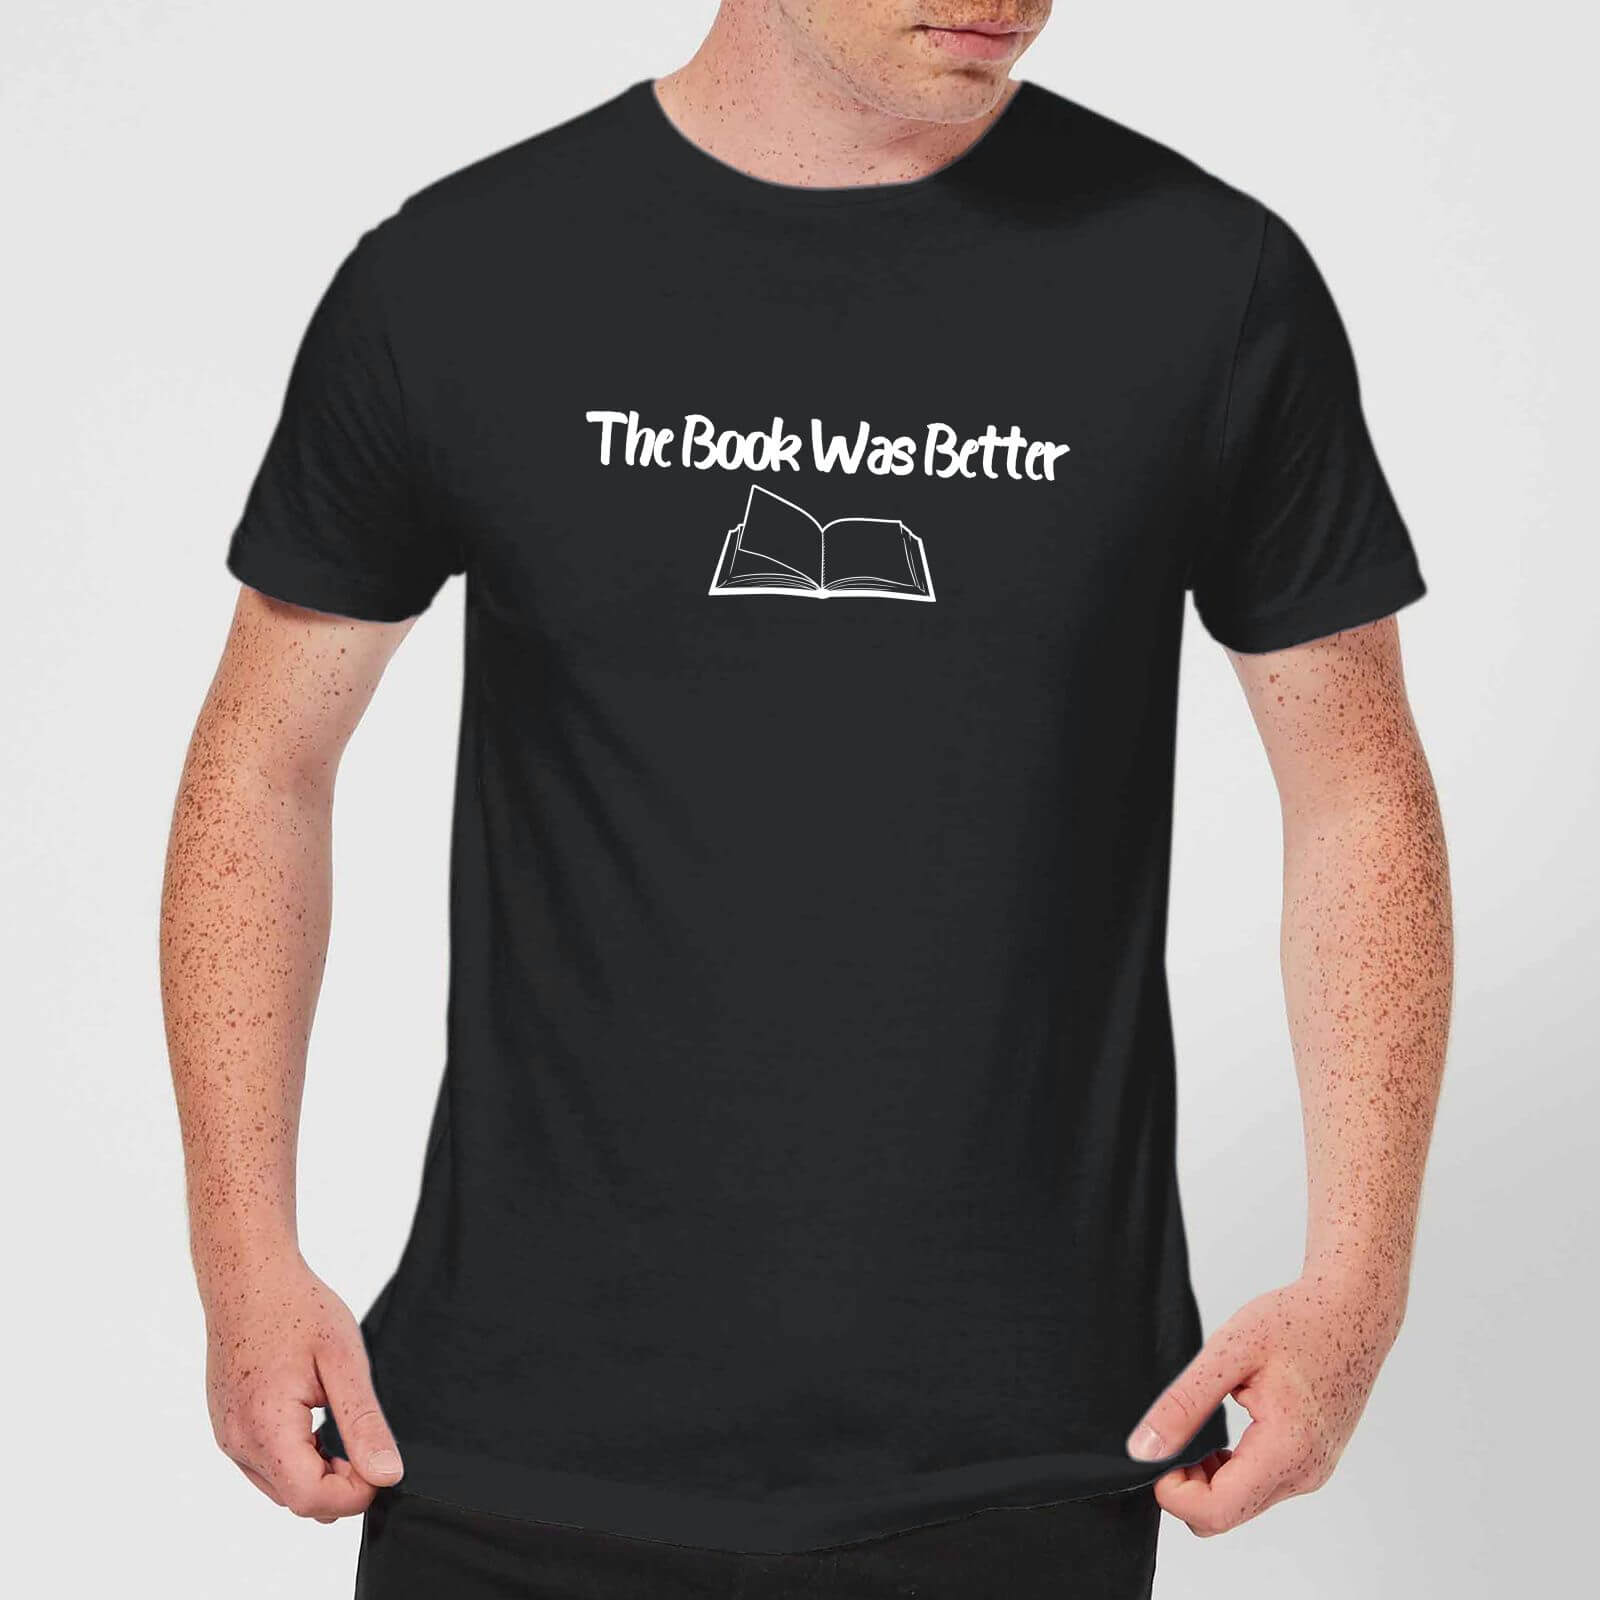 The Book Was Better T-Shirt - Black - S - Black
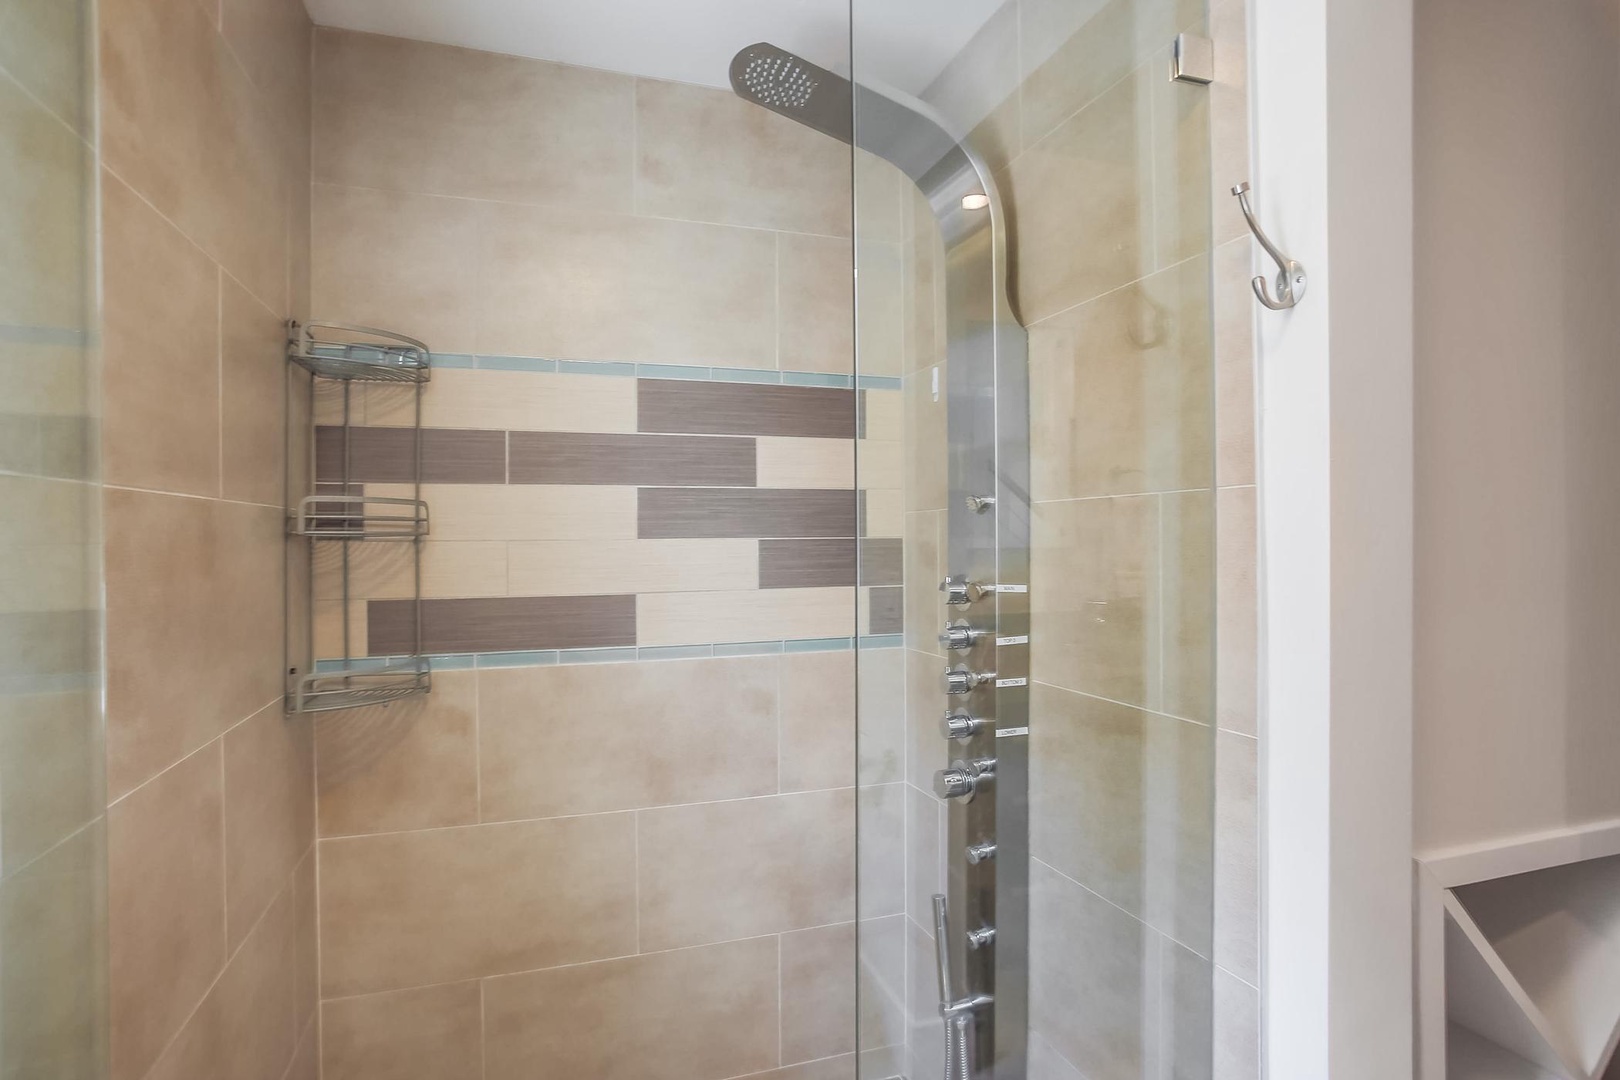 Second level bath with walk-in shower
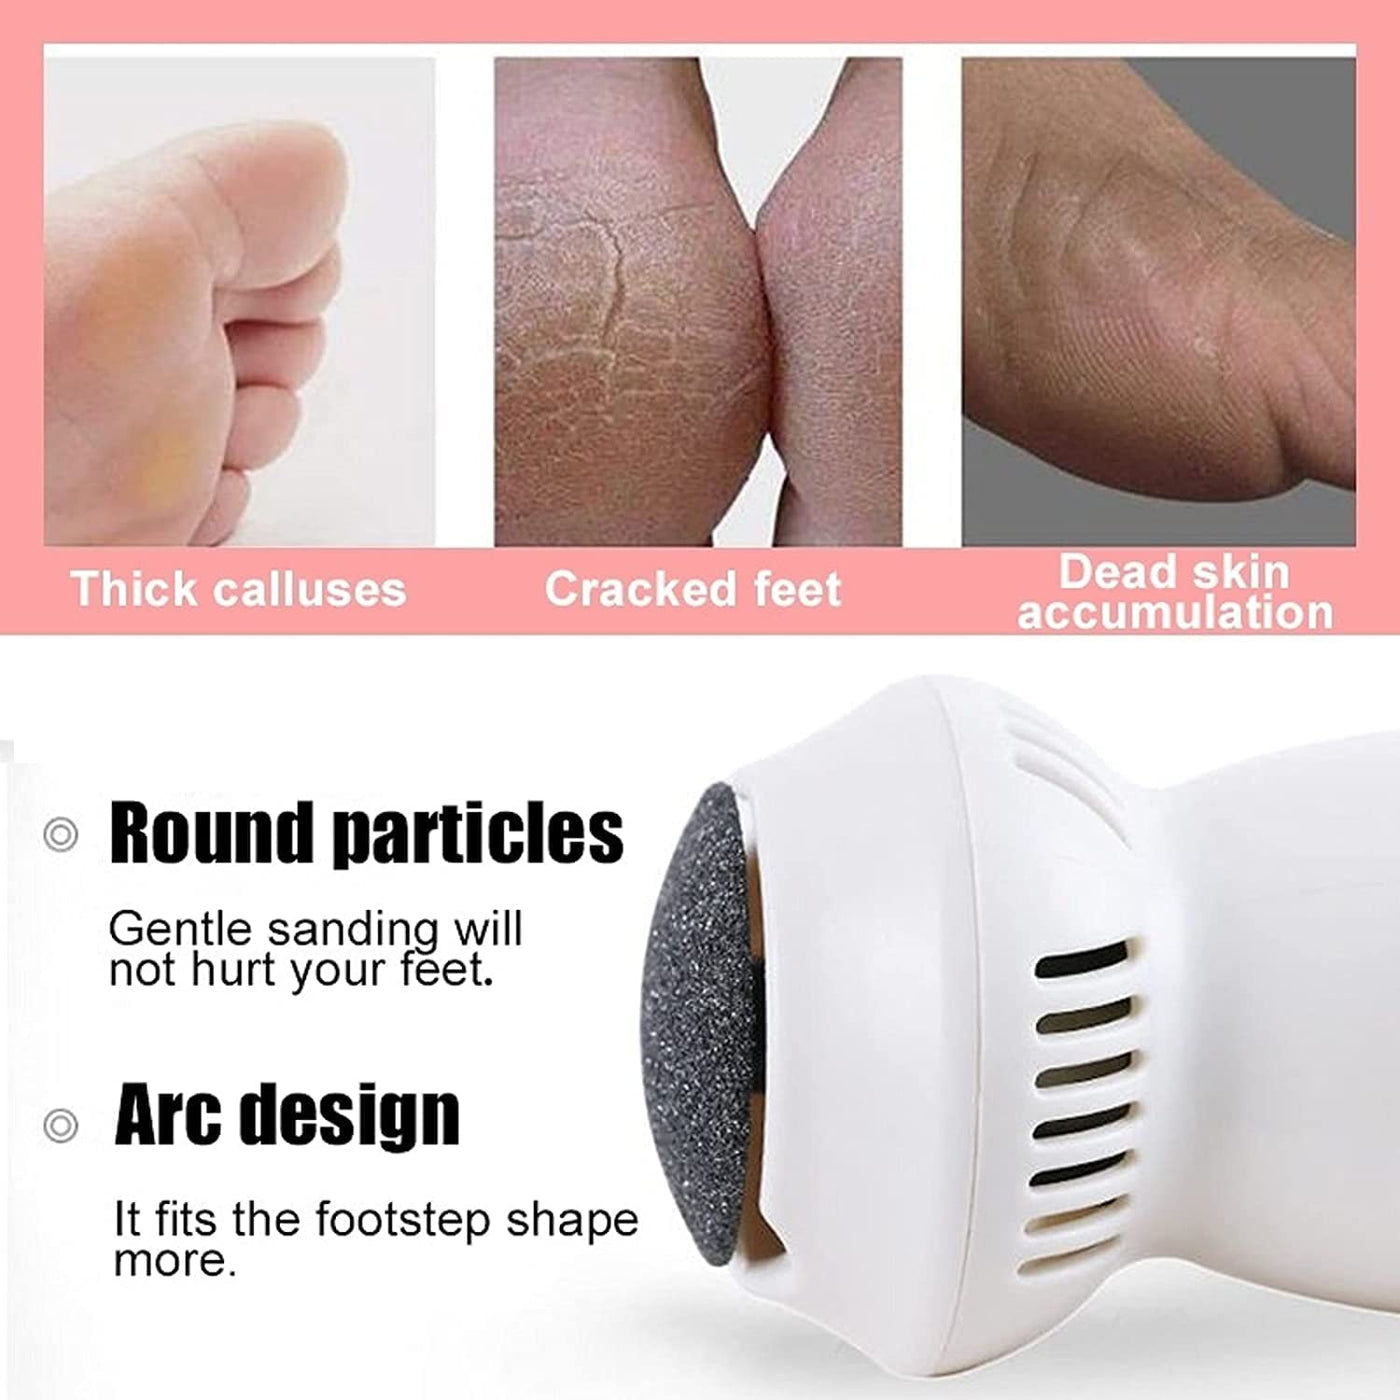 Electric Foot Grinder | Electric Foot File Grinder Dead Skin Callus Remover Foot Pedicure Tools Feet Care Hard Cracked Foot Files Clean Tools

******

The problem –
Transcribe the whole listing exactly. Pictures stay out of your copy.

Output of the exercise –
 The Book Was Better T-Shirt - Black - S - Black
 Second level bath with walk-in shower
 Electric Foot Grinder | Electric Foot File Grinder Dead Skin Callus Remover Foot Pedicure Tools Feet Care Hard Cracked Foot Files Clean Tools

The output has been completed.